The Latest: Removing overturned ship could take months
JEKYLL ISLAND, Ga. (AP) — The Latest on The Latest on an overturned cargo ship off the coast of Georgia (all times local): 4:30 p.m.
A Coast Guard officer says it could take "weeks, if not months" to remove a cargo ship that overturned while heading to sea from a port on the Georgia coast.
Coast Guard Cmdr. Norm Witt told news reporters Tuesday that marine salvage experts are working on a plan to remove the 656-foot (200 meter) long Golden Ray from St. Simons Sound near the Port of Brunswick. Asked how that would be done, he said: "We don't have all the answers right now."
Meanwhile, Witt says the Coast Guard is trying to reopen the port to limited commercial traffic by Thursday — though he called that timeline "aggressive."
He also said some oil sheen has been spotted but "right now it's limited in scope."
The Golden Ray capsized in the sound early Sunday while carrying more than 4,000 vehicles. The cause isn't known. All 24 people aboard the cargo ship were rescued.
The head of a company whose salvage workers rescued four crew members from a capsized ship off the Georgia coast says the men survived "hellish conditions" perched on pipes and plumbing above deep water in pitch darkness and oven-like temperatures.

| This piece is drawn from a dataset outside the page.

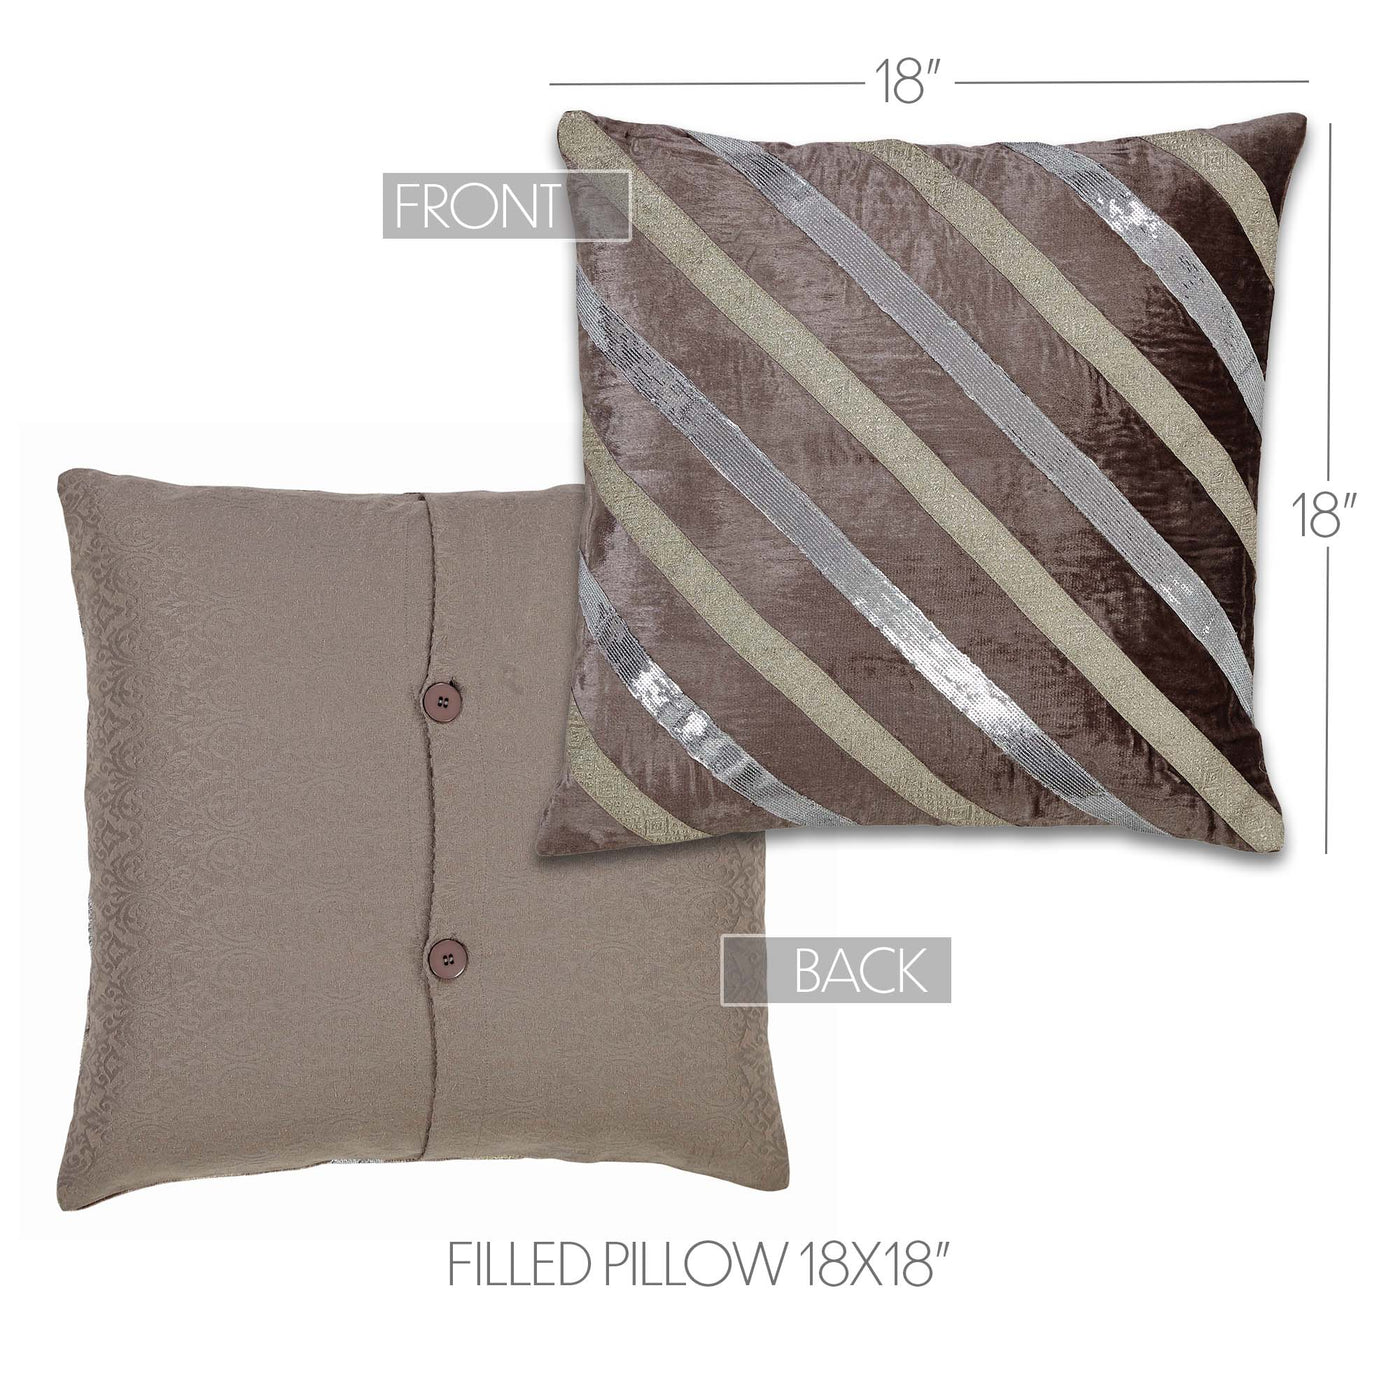 Allura Diagonal Striped Glitzy Pillow 18"

Tim Ferris of the salvage firm Defiant Marine told The Associated Press on Tuesday the South Korean sailors "were being cooked" in the engine room of the overturned cargo ship Golden Ray with temperatures reaching 150 degrees (65.5 Celsius). He said rescuers had to stuff their own pockets with bags of ice to withstand the heat.
Ferris says the most daunting rescue was a crewman trapped in a control room with the door underwater. He was behind blast-proof glass designed to withstand an explosion. Rescuers had to use a diamond-tipped cutter to create an opening.

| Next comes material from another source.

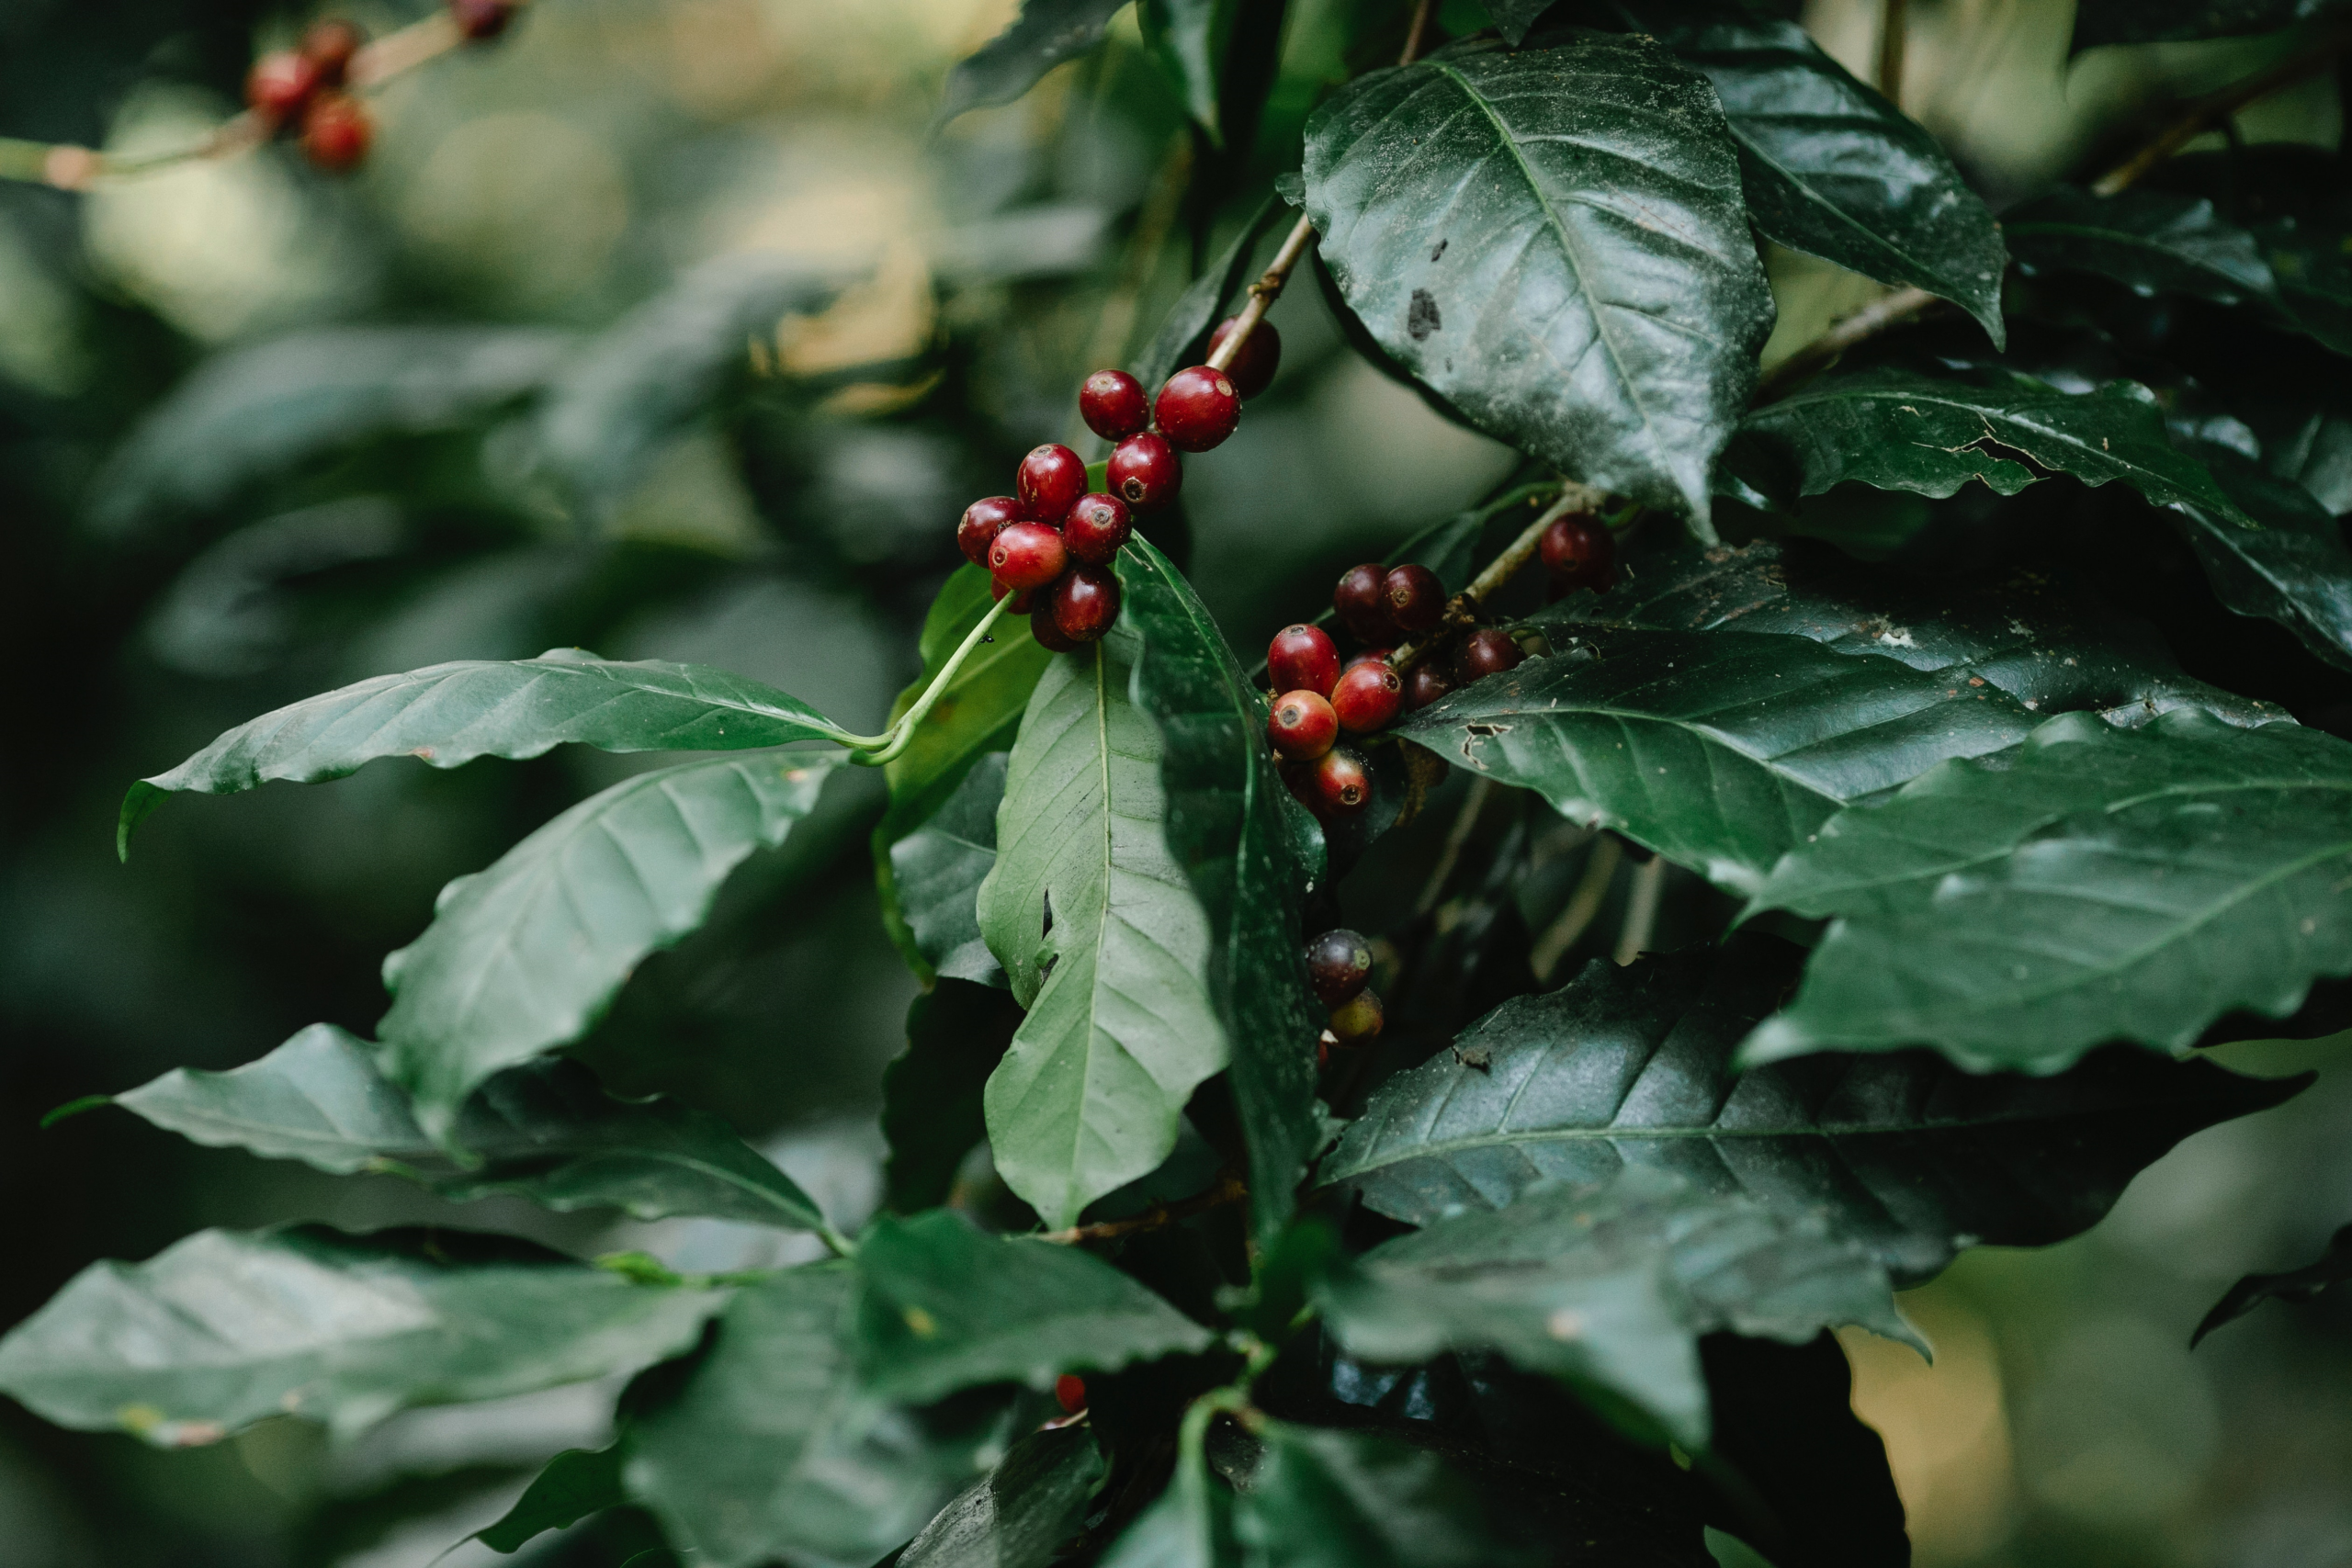 Experter har utfärdat en brådskande vädjan till regeringen och jordbrukssamhället i Uganda att anta mer hållbara metoder för kaffeodling och produktion. Uppropet framfördes av chefen för World Sustainability Organization Paolo Bray. Han varnade för att underlåtenhet att agera kan leda till att Uganda förlorar sin position som en av världens största kaffeproducenter.

Ferris called it "a rescue of a lifetime."
One of the rescue coordinators who helped save four crew members from an overturned ship off the Georgia coast says the men are "doing well" after being trapped aboard the ship for more than a day.
Salvage expert Sylvia Tervoort was part of a private team that assisted the Coast Guard in the rescues Monday of the South Korean crew members still aboard the Golden Ray. She told ABC's "Good Morning America" on Tuesday: "They were really exhausted when they came out."

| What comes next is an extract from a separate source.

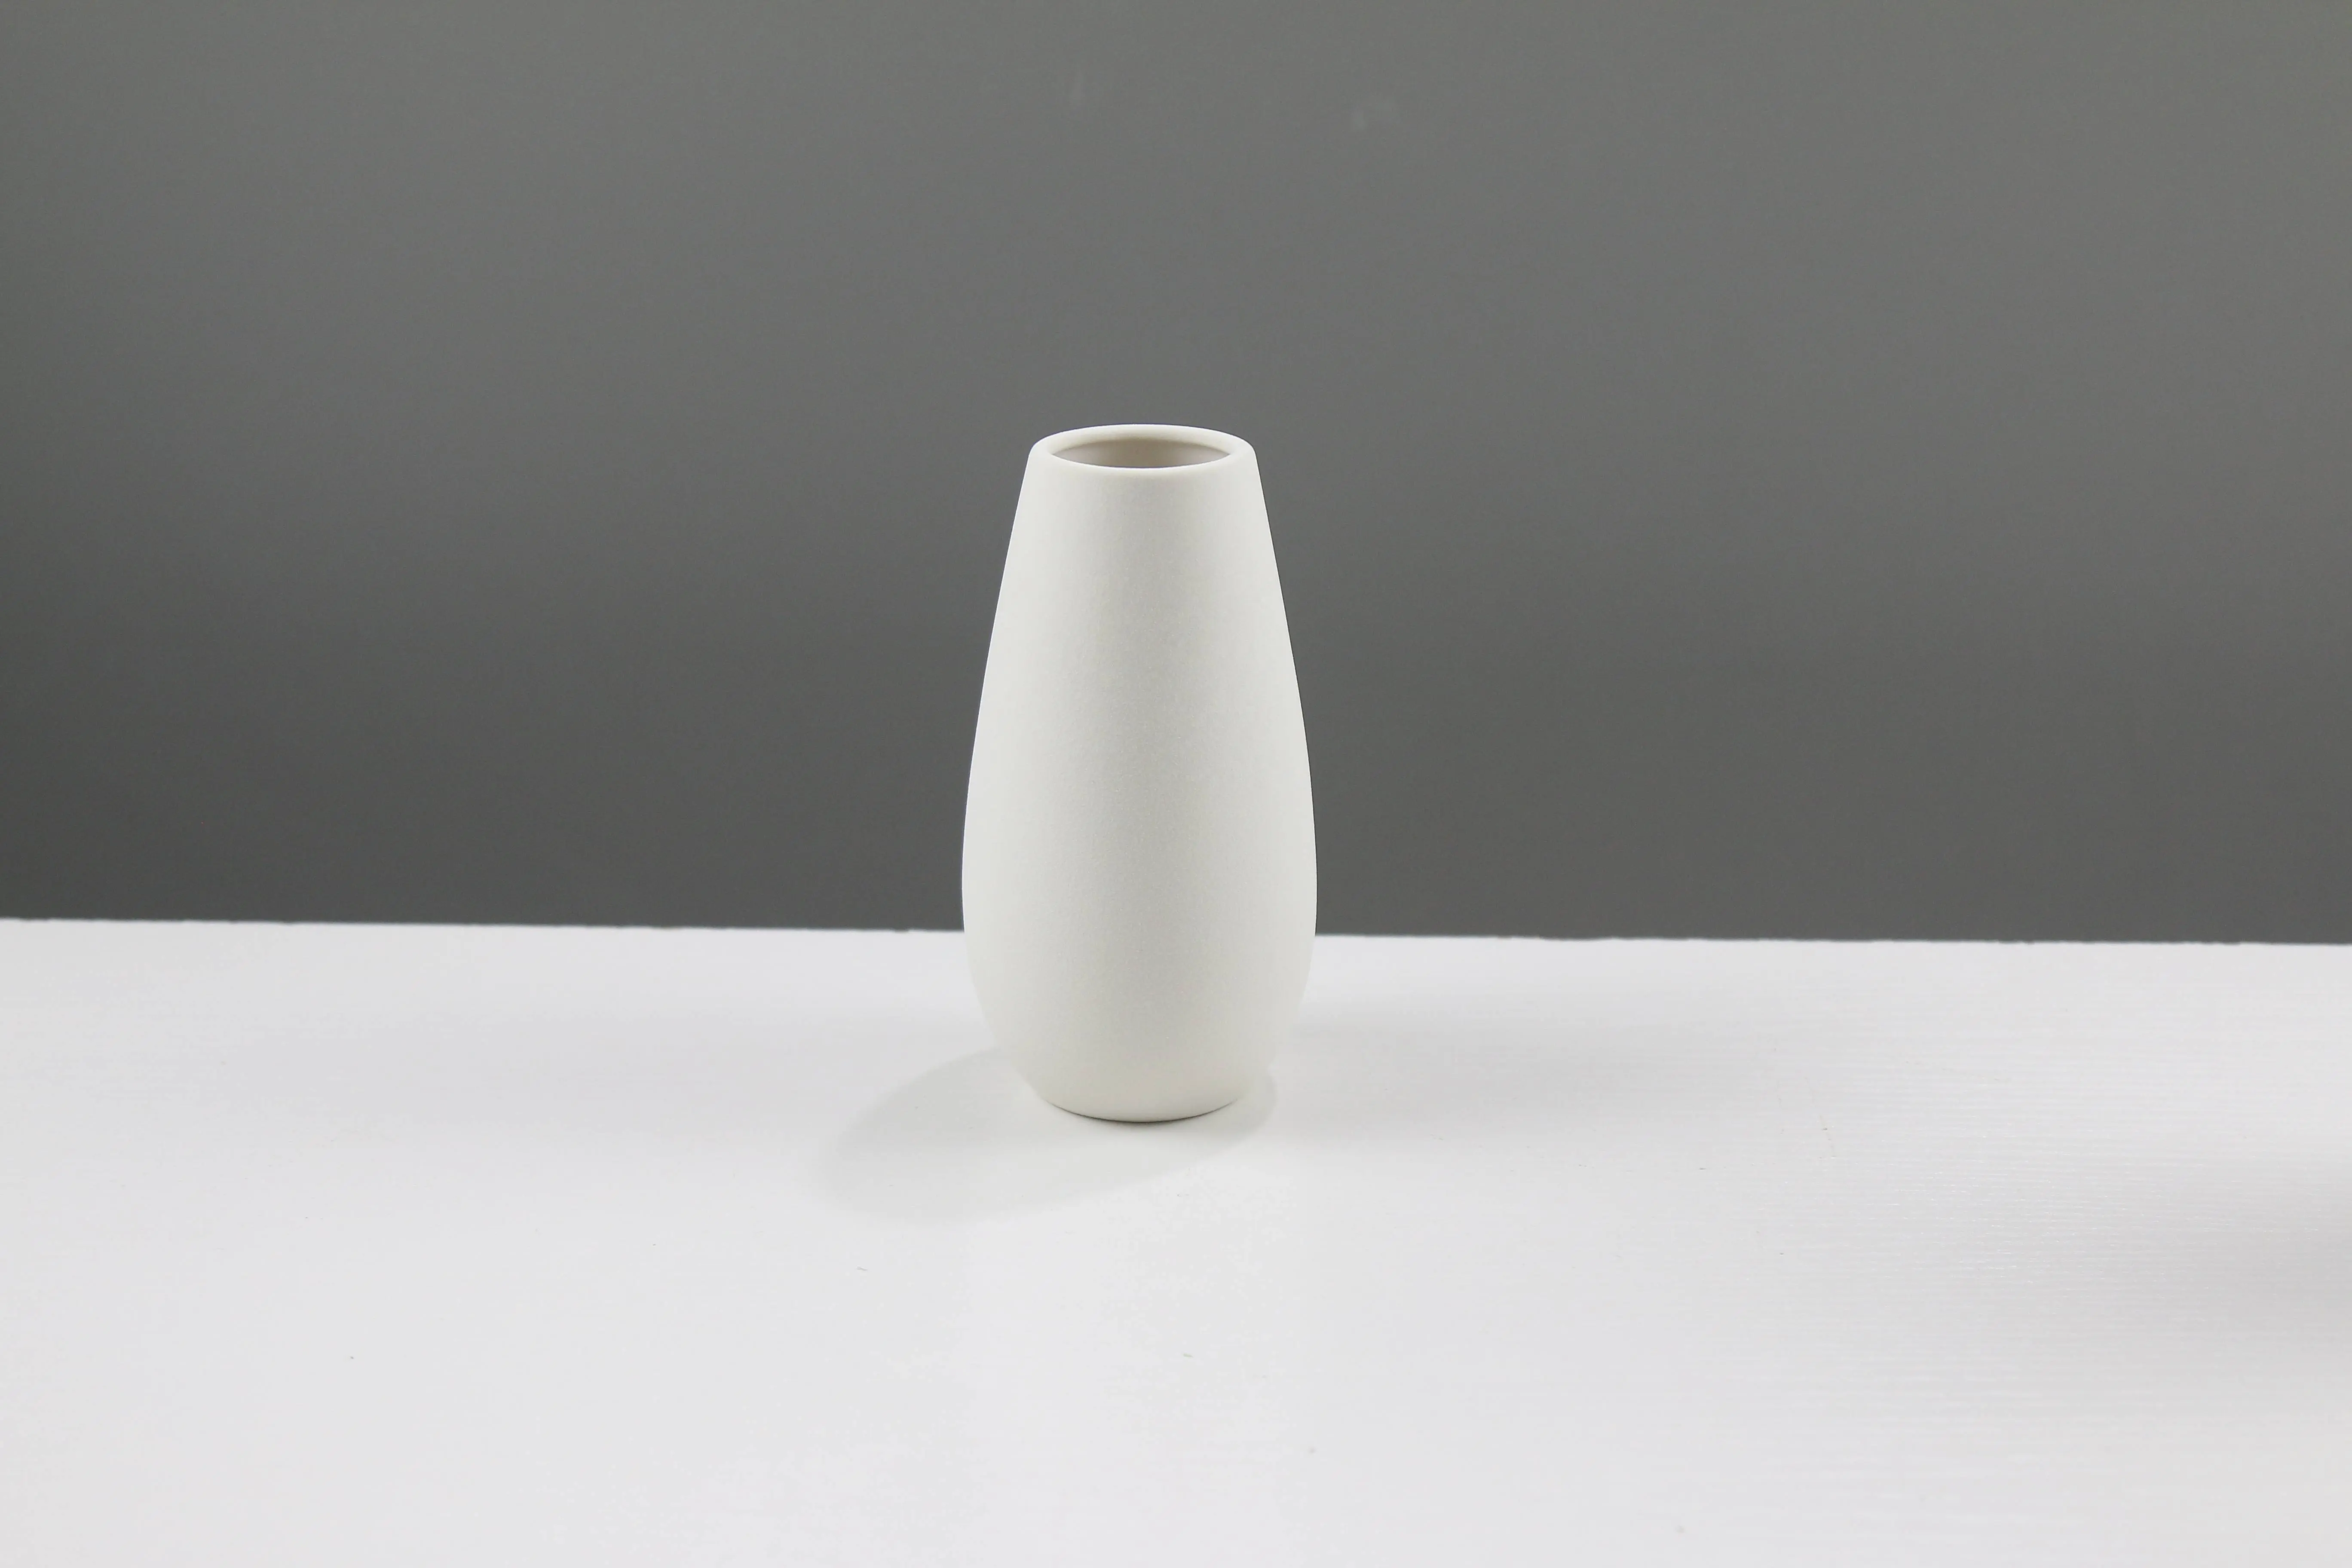 Vaso de mesa popular de porcelana branca fosca para uso diário e decoração de casa, design moderno

Tervoort said the men waited roughly 30 hours for rescue in tough conditions — in the dark, breathing air filled with fumes in the ship's engine room, in sweltering temperatures of nearly 150 degrees (65.5 Celsius).
The Golden Ray rolled onto its side early Sunday after leaving the Port of Brunswick loaded with more than 4,000 vehicles. Coast Guard Petty Officer 1st Class Luke Clayton says removing the ship will likely take weeks. The port remains closed.
Now that four crewmembers trapped inside a cargo ship capsized off Georgia's coast have been pulled to safety, the U.S. Coast Guard says it's focused on safely removing the massive vessel while protecting the environment.
Coast Guard rescuers pulled the four South Korean crew members from the Golden Ray on Monday after drilling through the hull's steel plates. All four were described as alert and in relatively good condition.
The rescues followed nearly 36 hours of work after the Golden Ray rolled onto its side early Sunday while leaving the Port of Brunswick with more than 4,000 vehicles.
The ship remains stuck in St. Simons Sound, closing the busy port while shipping hazards are evaluated.